The marketing team uses a humanistic standpoint to ROI, including "the ROI of saving lives and the ROI of connecting people to healthcare," she says. "We do a great job on our team of working closely with our finance team, and we work to reconcile the investment that we've made in marketing, and messaging, and campaigns, with the growth that we've seen."

"Marketing is truly not only serving the mission of the organization, but it's also helping the organization stay financially viable so that we can grow and continue to serve the community."

She adds, "Our brand positioning is about being here for good, and that has resonated with the consumer during this time. It's served as the backdrop during the pandemic."

Marketing matters

Through the act of engagement and storytelling, marketers have the chance to make a difference for both the organization and the consumers.

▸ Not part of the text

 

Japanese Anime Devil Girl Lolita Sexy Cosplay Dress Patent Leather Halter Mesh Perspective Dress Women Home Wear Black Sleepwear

"One thing I like to always say is that we, as marketers, have so much power," Scott says. "Part of that power is in our ability to use language and storytelling to help connect to people's hearts. I believe that one of the fundamental roles of healthcare marketing is to be a better part of somebody's day. If we're trying to connect people to care, or if we're trying to reassure them about symptoms they may have been looking up, or if we're trying to encourage them to take control of their health and feel confident and empowered in what they do, marketing truly has that ability."

Scott adds, "We're not the surgeons, we're not in the OR, we're not saving lives in that way. But we can have a profound impact on somebody's life through the way we position our organizations, tell those stories, and connect people to what matters."

Melanie Blackman is a contributing editor for strategy, marketing, and human resources at HealthLeaders, an HCPro brand.